The "Lion of Punjab", as he is known to his fanatical supporters, is hotly favoured to lead his Pakistan Muslim League-Nawaz (PML-N) party to victory and once again take charge of the nuclear-armed nation of 240 million people.


It is a far cry from Pakistan's last elections, in 2018, when less than three weeks before polling he was sentenced to 10 years in jail on graft charges and disqualified from holding public office.


Granted special bail to seek medical treatment in Britain, Sharif chose not to return, pulling the strings from abroad as his brother took charge after Imran Khan was kicked out of office in 2022.


Often draped in a red Gucci scarf, Sharif's political fortunes have risen and fallen on his relationship with Pakistan's powerful military establishment -- the country's true kingmakers.


The 74-year-old is one of the nation's wealthiest men, with a fortune earned in the steel business, but is admired by supporters for his approachable "man of the soil" demeanour. Nawaz first took power in 1990 with the blessing of the establishment but was forced out three years later by corruption allegations -- a theme that has dogged his career.
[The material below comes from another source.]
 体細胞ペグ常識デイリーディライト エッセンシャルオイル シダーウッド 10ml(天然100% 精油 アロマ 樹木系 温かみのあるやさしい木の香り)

Between terms in power, he has spent years in jail or exile -- forced and voluntary -- in Saudi Arabia and London, where the Sharif family have extensive luxury properties, only to return to Pakistan each time with renewed zeal. Stung by the nationalisation of the family steel business -- which he later regained control of -- Sharif is a fiscal conservative and champion of economic liberalisation and free markets.


He oversaw the privatisation of several key state enterprises -- including banks and energy producers -- in a process critics say was riven by corruption.
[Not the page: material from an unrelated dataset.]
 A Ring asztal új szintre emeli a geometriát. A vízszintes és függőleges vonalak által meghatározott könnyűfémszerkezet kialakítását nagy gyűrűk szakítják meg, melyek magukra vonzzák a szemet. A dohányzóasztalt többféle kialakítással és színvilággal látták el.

He was also one of the key drivers of the $60 billion China-Pakistan Economic Corridor (CPEC) that has underpinned relations between Islamabad and Beijing in the last decade. - Military coup - He was premier when Pakistan announced in 1998 that it had become a nuclear-armed power, weeks after India did the same. During his various stints as prime minister he was accused of stacking courts with loyalist judges, tinkering with the constitution, and rigging provincial elections to shore up his party's power bases.
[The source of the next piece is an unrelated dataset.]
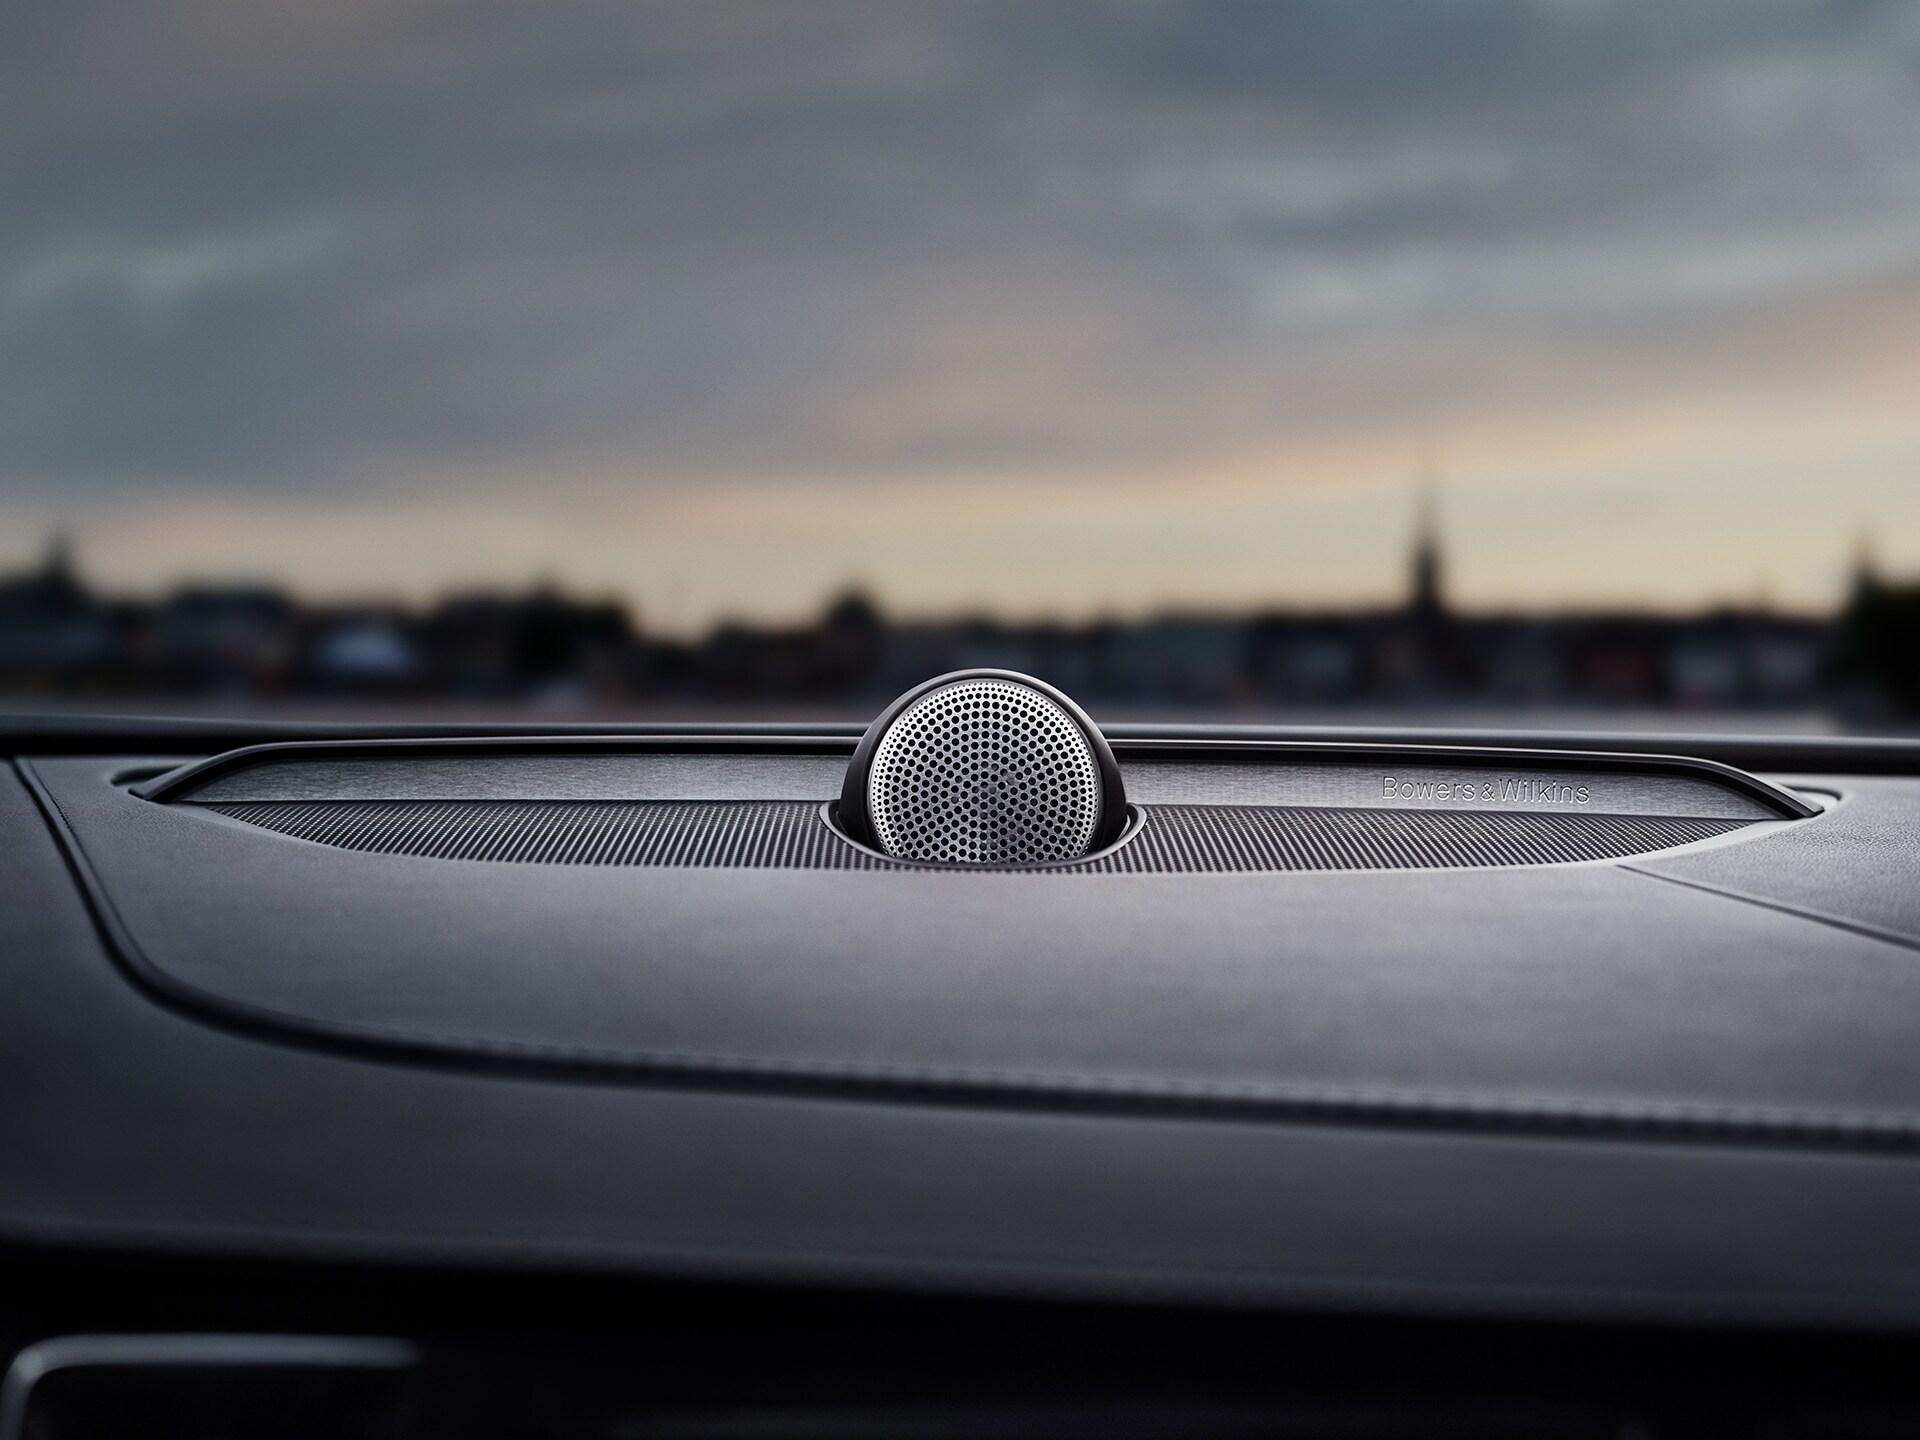 Difuzoare Bowers & Wilkins în interiorul unui Volvo XC90.

His second term lasted two years and ended in 1999 with him deposition in a military coup after plotting to sideline army chief of staff Pervez Musharraf.


Sharif narrowly avoided the death sentence in a hastily convened trial before being sent into exile. More than a decade later he was back in power in 2013, in part because of his brother's diligent performance as chief minister of Punjab, Pakistan's most populous province and its most powerful constituency.


But fresh graft allegations emerged when his children were named in the 2016 Panama Papers leak for holding offshore companies. He was later convicted over separate corruption allegations and disqualified from office for life -- the third time that he failed to complete a full term.


Less than a year into a seven-year prison sentence he was granted permission to travel to the United Kingdom for medical care and then declined to return. But with Khan falling spectacularly out of favour with the military, Sharif's fortunes began to change last year.


His return has been smoothed by legal changes reducing the period lawmakers can be barred from elections.


One by one his convictions have been overturned or quashed in recent weeks, leaving the "Lion of Punjab" with the chance to roar again.